If HLMI is software limited, on the other hand, then instead of hardware, we want to know whether the last software step(s) will result in a large jump in capabilities. This could happen either if there are very few remaining breakthroughs needed for HLMI (circled in magenta above) such that the last step(s) correspond to a large portion of the problem, or if the last step(s) act as “missing gears” putting the rest of the system in place (circled in black above).
We suspect that whether the last step(s) present a “missing gears” situation is likely to depend on the type of HLMI realized.
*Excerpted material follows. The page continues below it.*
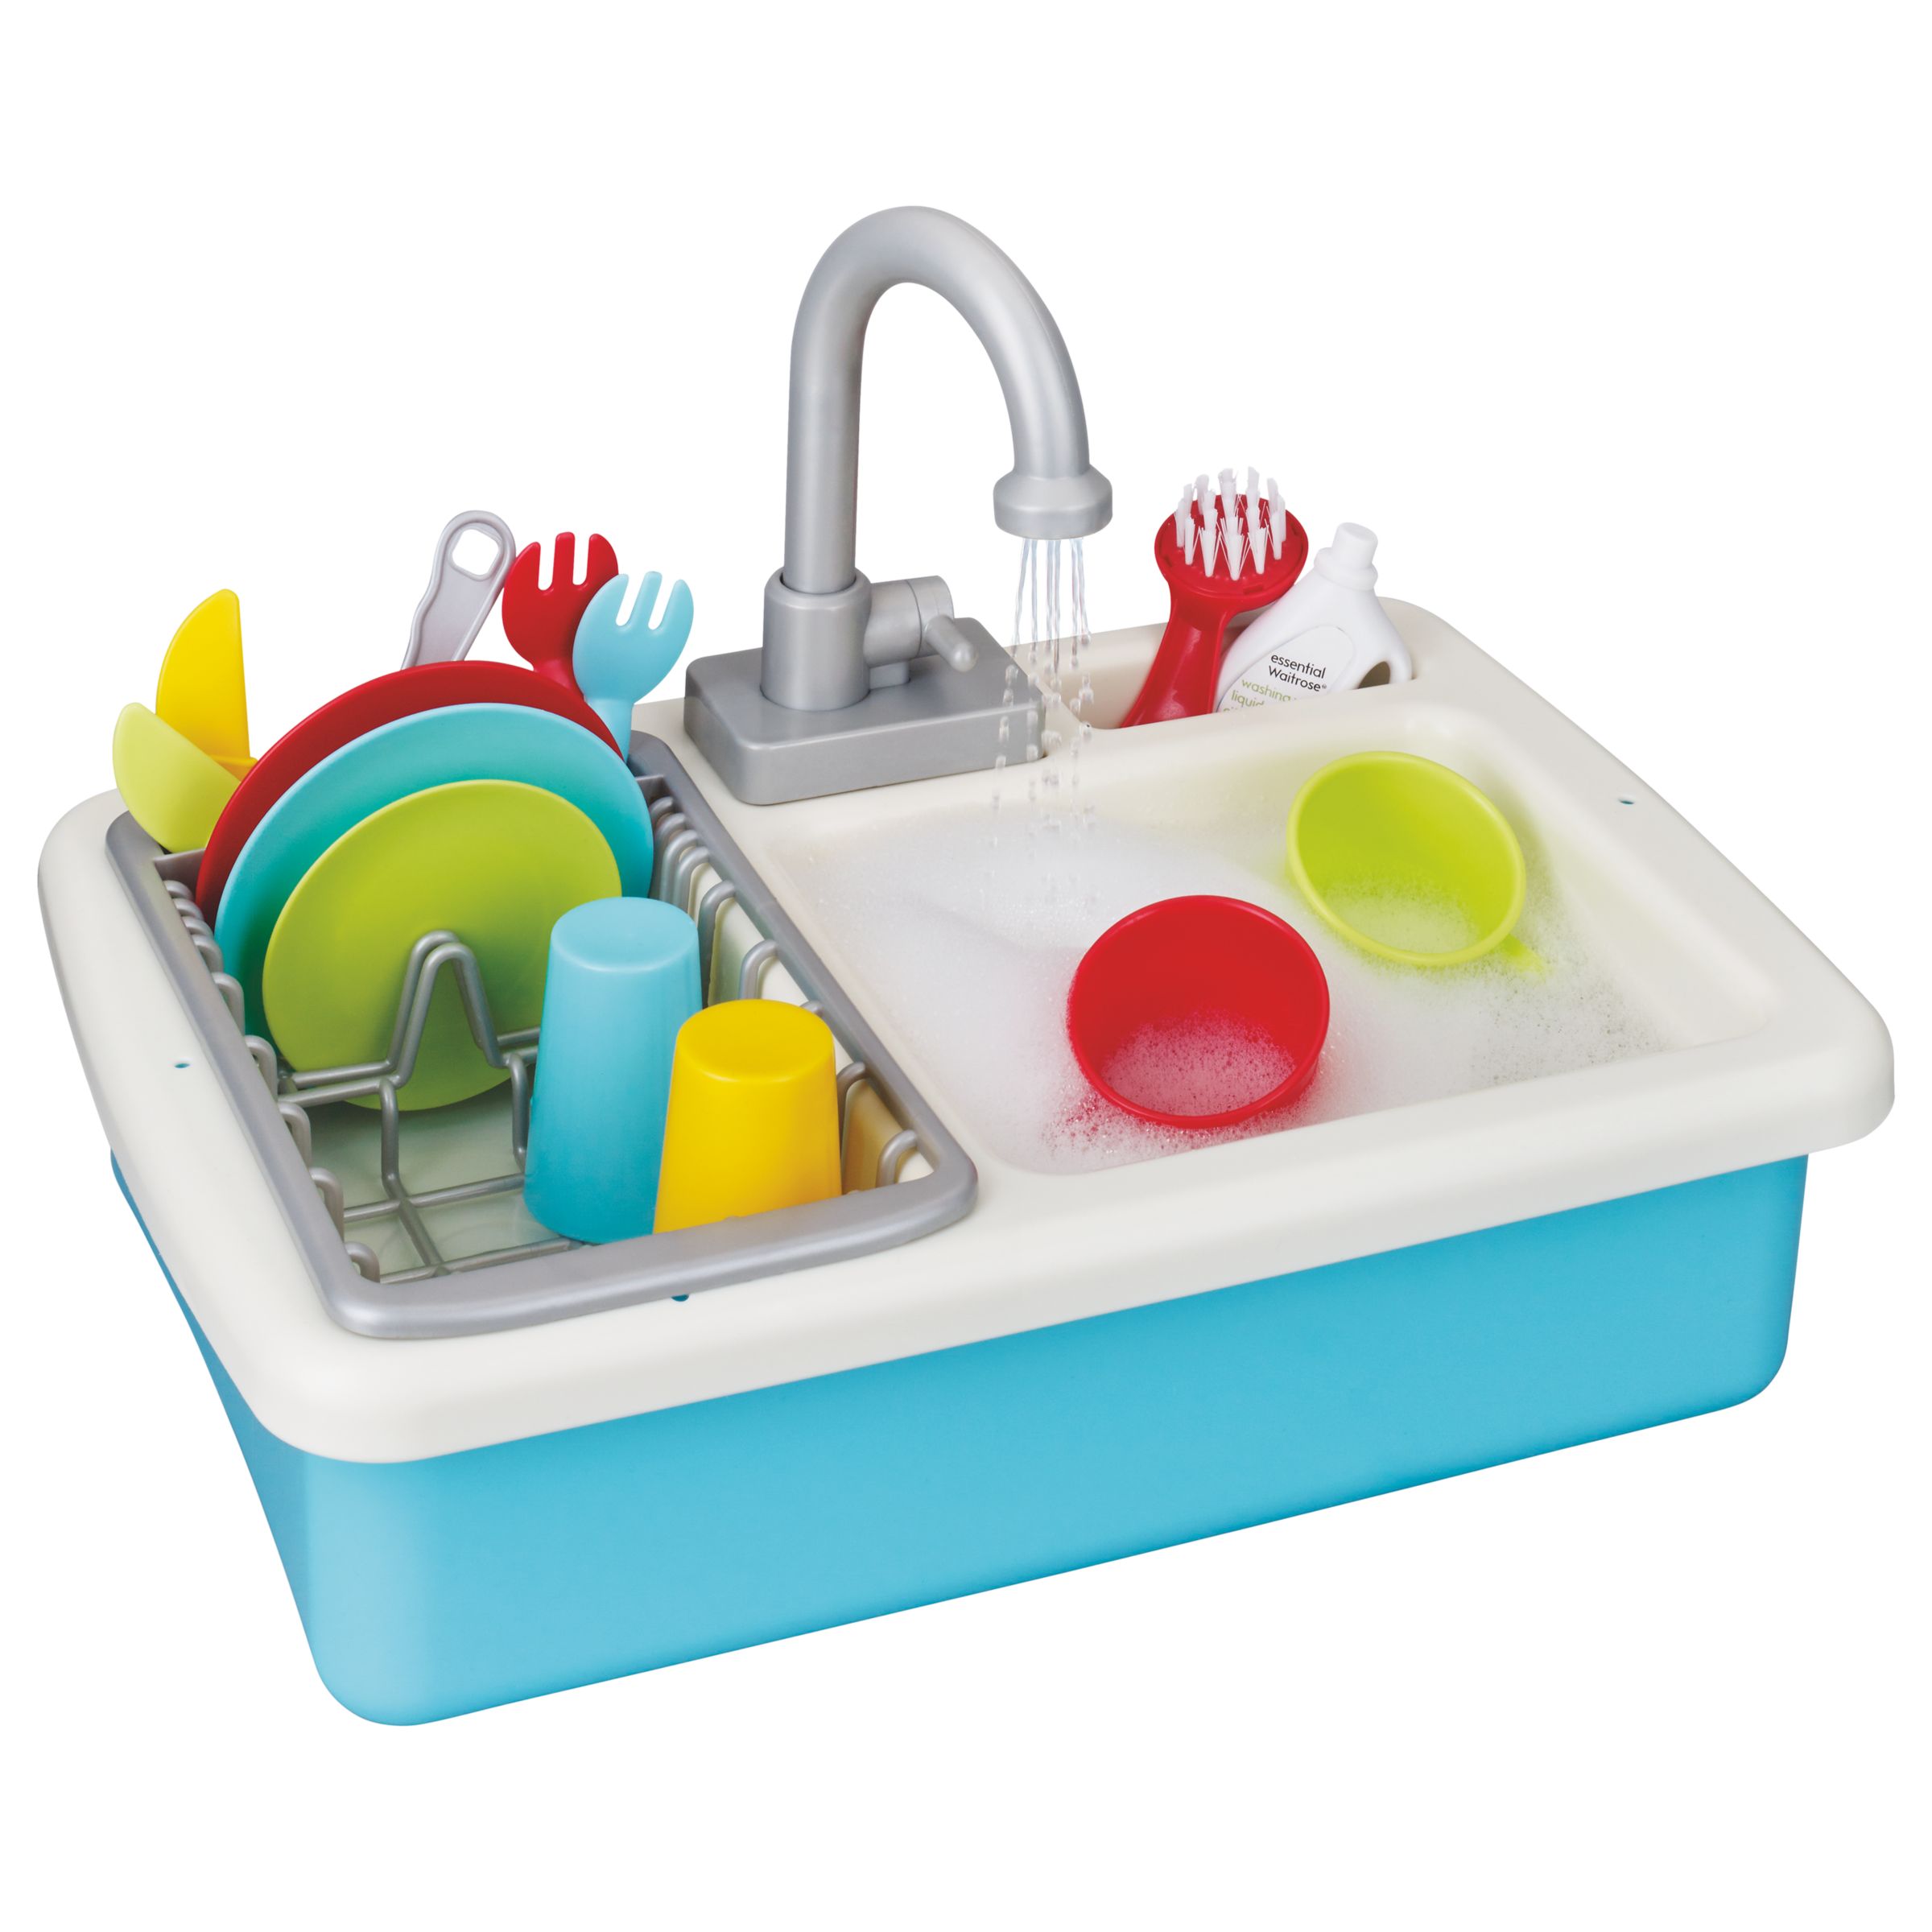 John Lewis Partners Wash Up Kitchen Sink Playset

A (likely) example of “missing gears” would be whole brain emulation (WBE), where 99% of the way towards WBE presumably doesn’t get you anything like 99% of the capabilities of WBE. (See here for an extended discussion of the relationship between "fundamental breakthroughs” and "missing gears”.) If the “missing gears” crux resolves negatively, however, then determining whether there will be a large capability gain to HLMI is modeled as depending on the number of remaining breakthroughs needed for HLMI.
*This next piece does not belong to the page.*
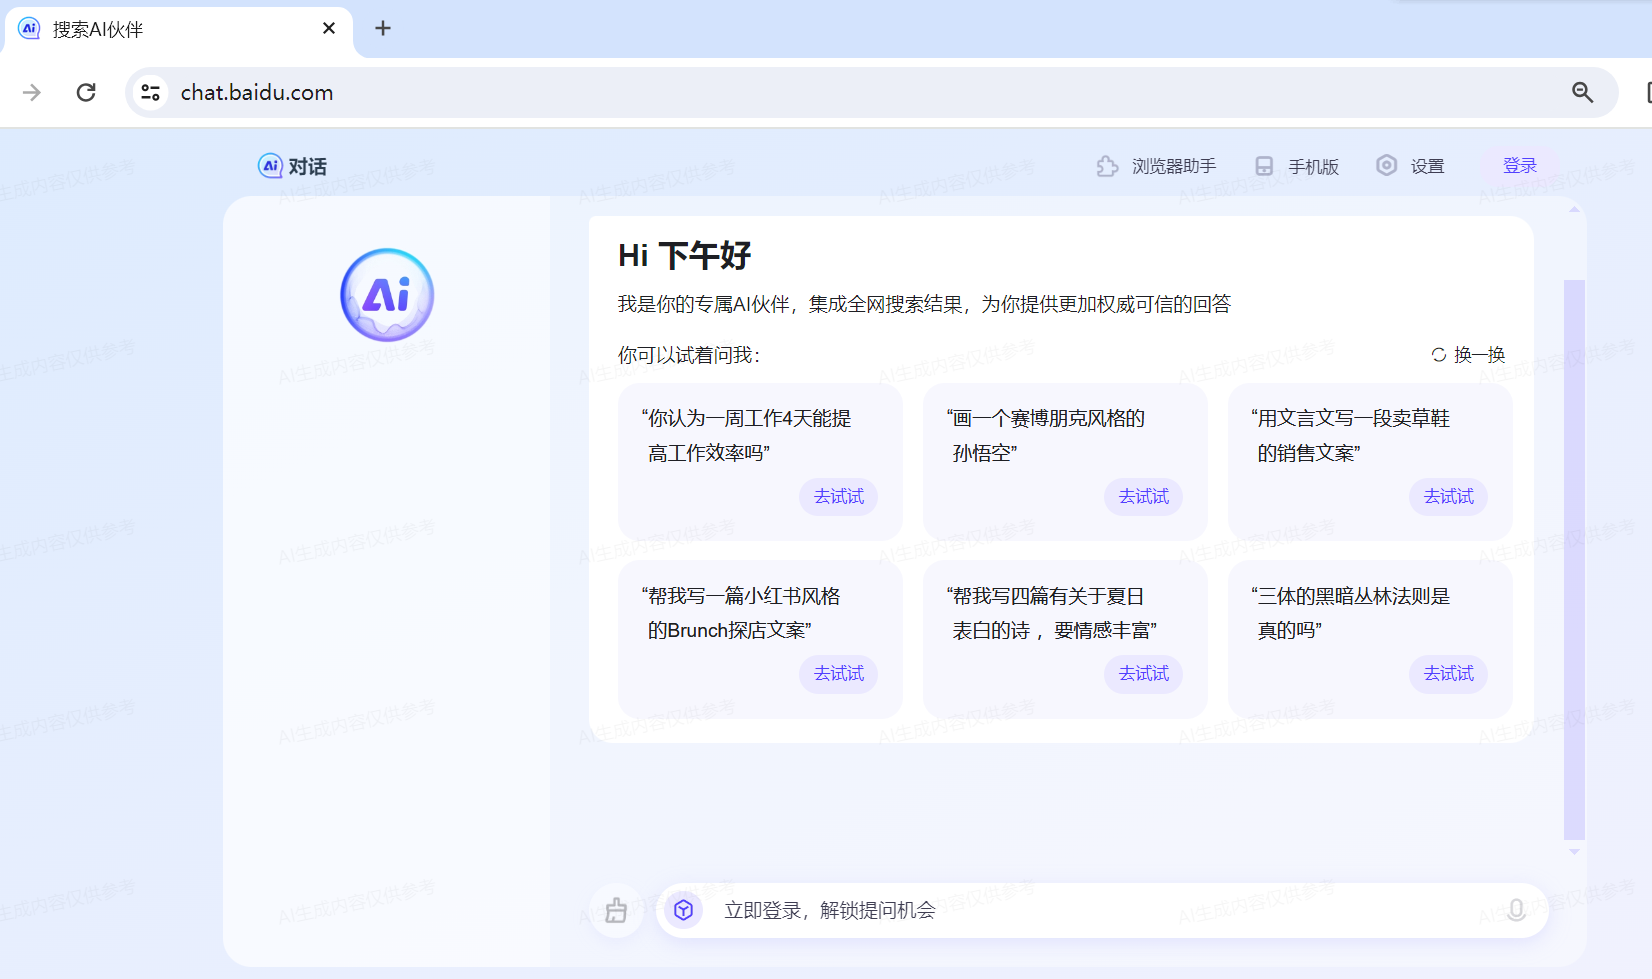 Baidu AI Search Partners

We make the simplifying assumption that the remaining fundamental breakthroughs are all of roughly comparable size, such that the more breakthroughs needed, the less of a step any individual breakthrough represents. This means that the last breakthrough – the one that gives us HLMI – might either take us from AI greatly inferior to HLMI all the way to HLMI (if there are ‘few’ key breakthroughs needed), or just be an incremental improvement on pre-HLMI AI that is already almost as useful as HLMI (if there are an ‘intermediate’ or ‘huge number’ of key breakthroughs needed).
We consider several lines of evidence to estimate whether HLMI requires few or many key breakthroughs.
To start, the type of HLMI being developed influences the number of breakthroughs we expect will be needed. For instance, if HLMI is achieved with current deep learning methods plus business-as-usual advancements, then, ceteris paribus, we’d expect fewer breakthroughs needed to reach HLMI than if HLMI is achieved via WBE.
As well as depending on the type of HLMI developed, our model assumes the expected number of breakthroughs needed for HLMI is influenced significantly by the Difficulty of Marginal Intelligence Improvements at HLMI (in the Analogies and General Priors on Intelligencemodule). If marginal intelligence improvements are difficult at HLMI, then more separate breakthroughs are probably required for HLMI.
Lastly, the hard paths hypothesis and timeline to HLMI (as determined in the Paths to HLMI modules) each influence our estimate of how many breakthroughs are needed to reach HLMI. The hard paths hypothesis claims that it’s rare for environments to straightforwardly select for general intelligence – if this hypothesis is true, then we’d expect more steps to be necessary (e.g., for crafting the key features of such environments). Additionally, short timelines would imply that there are very few breakthroughs remaining, while longer timelines may imply more breakthroughs needing to be found (remember, it’s fine if this logic feels “backwards”, as our model is not a causal model per se, and instead arrows represent probabilistic influence).
How many breakthroughs?
We don’t place exact values on the number of breakthroughs needed for HLMI in either the ‘few’, ‘intermediate’ or ‘huge number’ cases. This is because we have not yet settled on a way of defining “fundamental breakthroughs”, nor of estimating how many would be needed to shift the balance on whether there would be a large capability gain to HLMI.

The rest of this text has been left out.